Work to be completed ▸ Each line from the start of the entries through the line that contains "ανακαλύπτουμε τις ελληνικές" should be output exactly, please.

***** Records *****

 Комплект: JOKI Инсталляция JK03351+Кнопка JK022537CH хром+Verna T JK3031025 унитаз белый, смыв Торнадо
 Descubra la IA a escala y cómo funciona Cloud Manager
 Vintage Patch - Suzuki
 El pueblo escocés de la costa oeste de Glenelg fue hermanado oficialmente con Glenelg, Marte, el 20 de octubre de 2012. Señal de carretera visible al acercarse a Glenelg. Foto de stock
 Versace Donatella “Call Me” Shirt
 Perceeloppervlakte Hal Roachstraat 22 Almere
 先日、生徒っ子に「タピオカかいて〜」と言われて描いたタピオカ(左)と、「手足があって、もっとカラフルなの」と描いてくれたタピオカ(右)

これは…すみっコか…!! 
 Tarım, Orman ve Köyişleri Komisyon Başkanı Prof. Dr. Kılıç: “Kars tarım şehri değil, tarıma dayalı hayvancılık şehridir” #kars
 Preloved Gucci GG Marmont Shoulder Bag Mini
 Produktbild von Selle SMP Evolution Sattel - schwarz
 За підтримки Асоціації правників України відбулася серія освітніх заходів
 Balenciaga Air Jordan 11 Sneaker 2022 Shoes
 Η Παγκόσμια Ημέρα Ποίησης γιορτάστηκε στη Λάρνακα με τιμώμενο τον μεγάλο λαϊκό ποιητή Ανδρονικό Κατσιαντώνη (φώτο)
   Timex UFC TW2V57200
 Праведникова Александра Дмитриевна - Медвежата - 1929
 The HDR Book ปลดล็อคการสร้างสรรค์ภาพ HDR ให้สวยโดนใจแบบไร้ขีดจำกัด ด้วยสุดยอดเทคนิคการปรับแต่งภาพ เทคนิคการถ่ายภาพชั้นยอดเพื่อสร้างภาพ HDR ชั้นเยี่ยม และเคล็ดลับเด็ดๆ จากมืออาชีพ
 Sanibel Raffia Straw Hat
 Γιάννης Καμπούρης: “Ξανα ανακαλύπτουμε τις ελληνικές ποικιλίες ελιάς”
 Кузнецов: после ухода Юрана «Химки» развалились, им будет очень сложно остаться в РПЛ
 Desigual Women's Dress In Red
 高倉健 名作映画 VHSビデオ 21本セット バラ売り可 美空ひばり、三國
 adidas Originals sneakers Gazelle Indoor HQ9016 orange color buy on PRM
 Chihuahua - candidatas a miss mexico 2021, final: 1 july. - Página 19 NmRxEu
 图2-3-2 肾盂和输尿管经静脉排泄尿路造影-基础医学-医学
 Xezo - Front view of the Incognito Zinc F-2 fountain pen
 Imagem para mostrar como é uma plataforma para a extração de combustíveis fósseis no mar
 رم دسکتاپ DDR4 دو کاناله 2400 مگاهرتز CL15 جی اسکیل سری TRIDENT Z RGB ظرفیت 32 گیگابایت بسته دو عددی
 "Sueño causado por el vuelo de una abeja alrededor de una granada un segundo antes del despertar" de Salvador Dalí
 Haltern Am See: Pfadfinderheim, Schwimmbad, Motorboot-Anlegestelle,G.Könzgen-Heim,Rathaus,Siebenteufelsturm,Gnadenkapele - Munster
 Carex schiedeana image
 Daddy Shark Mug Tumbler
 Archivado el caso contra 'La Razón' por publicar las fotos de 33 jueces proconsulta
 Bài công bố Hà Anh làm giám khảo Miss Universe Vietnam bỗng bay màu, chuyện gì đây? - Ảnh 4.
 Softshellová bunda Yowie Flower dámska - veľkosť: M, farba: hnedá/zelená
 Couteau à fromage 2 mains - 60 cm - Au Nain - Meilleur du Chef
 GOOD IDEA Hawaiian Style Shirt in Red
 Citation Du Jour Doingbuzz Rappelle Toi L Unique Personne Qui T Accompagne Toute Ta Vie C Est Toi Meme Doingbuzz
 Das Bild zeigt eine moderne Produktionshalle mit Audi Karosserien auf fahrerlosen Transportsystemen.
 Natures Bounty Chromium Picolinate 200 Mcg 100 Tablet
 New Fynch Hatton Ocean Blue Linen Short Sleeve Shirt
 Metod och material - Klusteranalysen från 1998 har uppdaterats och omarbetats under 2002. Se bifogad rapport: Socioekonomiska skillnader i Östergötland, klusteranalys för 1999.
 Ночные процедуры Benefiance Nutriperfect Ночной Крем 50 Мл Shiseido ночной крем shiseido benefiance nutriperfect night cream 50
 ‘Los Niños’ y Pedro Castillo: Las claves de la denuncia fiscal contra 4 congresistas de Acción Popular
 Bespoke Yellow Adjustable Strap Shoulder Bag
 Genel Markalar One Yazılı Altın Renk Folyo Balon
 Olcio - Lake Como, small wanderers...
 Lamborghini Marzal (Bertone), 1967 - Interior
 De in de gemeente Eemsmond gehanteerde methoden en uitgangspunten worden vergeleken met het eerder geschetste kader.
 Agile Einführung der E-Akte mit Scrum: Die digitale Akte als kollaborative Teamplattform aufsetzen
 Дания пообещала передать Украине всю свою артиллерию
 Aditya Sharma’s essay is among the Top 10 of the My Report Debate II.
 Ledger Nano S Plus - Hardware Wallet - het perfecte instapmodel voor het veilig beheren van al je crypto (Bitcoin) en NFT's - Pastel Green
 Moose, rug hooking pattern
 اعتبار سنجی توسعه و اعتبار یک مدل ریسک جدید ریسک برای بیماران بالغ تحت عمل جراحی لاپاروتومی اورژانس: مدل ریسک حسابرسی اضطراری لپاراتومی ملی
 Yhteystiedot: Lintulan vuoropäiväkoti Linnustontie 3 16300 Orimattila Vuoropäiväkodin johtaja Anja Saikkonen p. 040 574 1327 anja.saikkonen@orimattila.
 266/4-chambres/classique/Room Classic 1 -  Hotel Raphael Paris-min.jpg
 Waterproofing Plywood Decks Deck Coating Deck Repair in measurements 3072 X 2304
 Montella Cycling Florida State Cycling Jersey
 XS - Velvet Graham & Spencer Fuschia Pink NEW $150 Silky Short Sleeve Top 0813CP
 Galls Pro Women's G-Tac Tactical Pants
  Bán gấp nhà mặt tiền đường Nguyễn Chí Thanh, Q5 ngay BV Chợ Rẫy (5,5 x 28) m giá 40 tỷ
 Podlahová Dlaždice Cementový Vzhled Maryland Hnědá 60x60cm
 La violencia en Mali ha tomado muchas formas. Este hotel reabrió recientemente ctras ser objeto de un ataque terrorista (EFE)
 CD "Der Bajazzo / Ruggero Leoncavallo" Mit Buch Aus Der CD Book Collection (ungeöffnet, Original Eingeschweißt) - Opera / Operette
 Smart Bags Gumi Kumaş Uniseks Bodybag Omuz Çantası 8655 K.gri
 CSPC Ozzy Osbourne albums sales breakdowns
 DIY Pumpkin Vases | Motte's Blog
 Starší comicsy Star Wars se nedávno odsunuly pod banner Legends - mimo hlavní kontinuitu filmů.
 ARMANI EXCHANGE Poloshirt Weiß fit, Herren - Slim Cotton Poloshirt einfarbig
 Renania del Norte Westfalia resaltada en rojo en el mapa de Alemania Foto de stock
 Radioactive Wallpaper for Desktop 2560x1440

*****

Written response ▸
 Комплект: JOKI Инсталляция JK03351+Кнопка JK022537CH хром+Verna T JK3031025 унитаз белый, смыв Торнадо
 Descubra la IA a escala y cómo funciona Cloud Manager
 Vintage Patch - Suzuki
 El pueblo escocés de la costa oeste de Glenelg fue hermanado oficialmente con Glenelg, Marte, el 20 de octubre de 2012. Señal de carretera visible al acercarse a Glenelg. Foto de stock
 Versace Donatella “Call Me” Shirt
 Perceeloppervlakte Hal Roachstraat 22 Almere
 先日、生徒っ子に「タピオカかいて〜」と言われて描いたタピオカ(左)と、「手足があって、もっとカラフルなの」と描いてくれたタピオカ(右)

これは…すみっコか…!! 
 Tarım, Orman ve Köyişleri Komisyon Başkanı Prof. Dr. Kılıç: “Kars tarım şehri değil, tarıma dayalı hayvancılık şehridir” #kars
 Preloved Gucci GG Marmont Shoulder Bag Mini
 Produktbild von Selle SMP Evolution Sattel - schwarz
 За підтримки Асоціації правників України відбулася серія освітніх заходів
 Balenciaga Air Jordan 11 Sneaker 2022 Shoes
 Η Παγκόσμια Ημέρα Ποίησης γιορτάστηκε στη Λάρνακα με τιμώμενο τον μεγάλο λαϊκό ποιητή Ανδρονικό Κατσιαντώνη (φώτο)
   Timex UFC TW2V57200
 Праведникова Александра Дмитриевна - Медвежата - 1929
 The HDR Book ปลดล็อคการสร้างสรรค์ภาพ HDR ให้สวยโดนใจแบบไร้ขีดจำกัด ด้วยสุดยอดเทคนิคการปรับแต่งภาพ เทคนิคการถ่ายภาพชั้นยอดเพื่อสร้างภาพ HDR ชั้นเยี่ยม และเคล็ดลับเด็ดๆ จากมืออาชีพ
 Sanibel Raffia Straw Hat
 Γιάννης Καμπούρης: “Ξανα ανακαλύπτουμε τις ελληνικές ποικιλίες ελιάς”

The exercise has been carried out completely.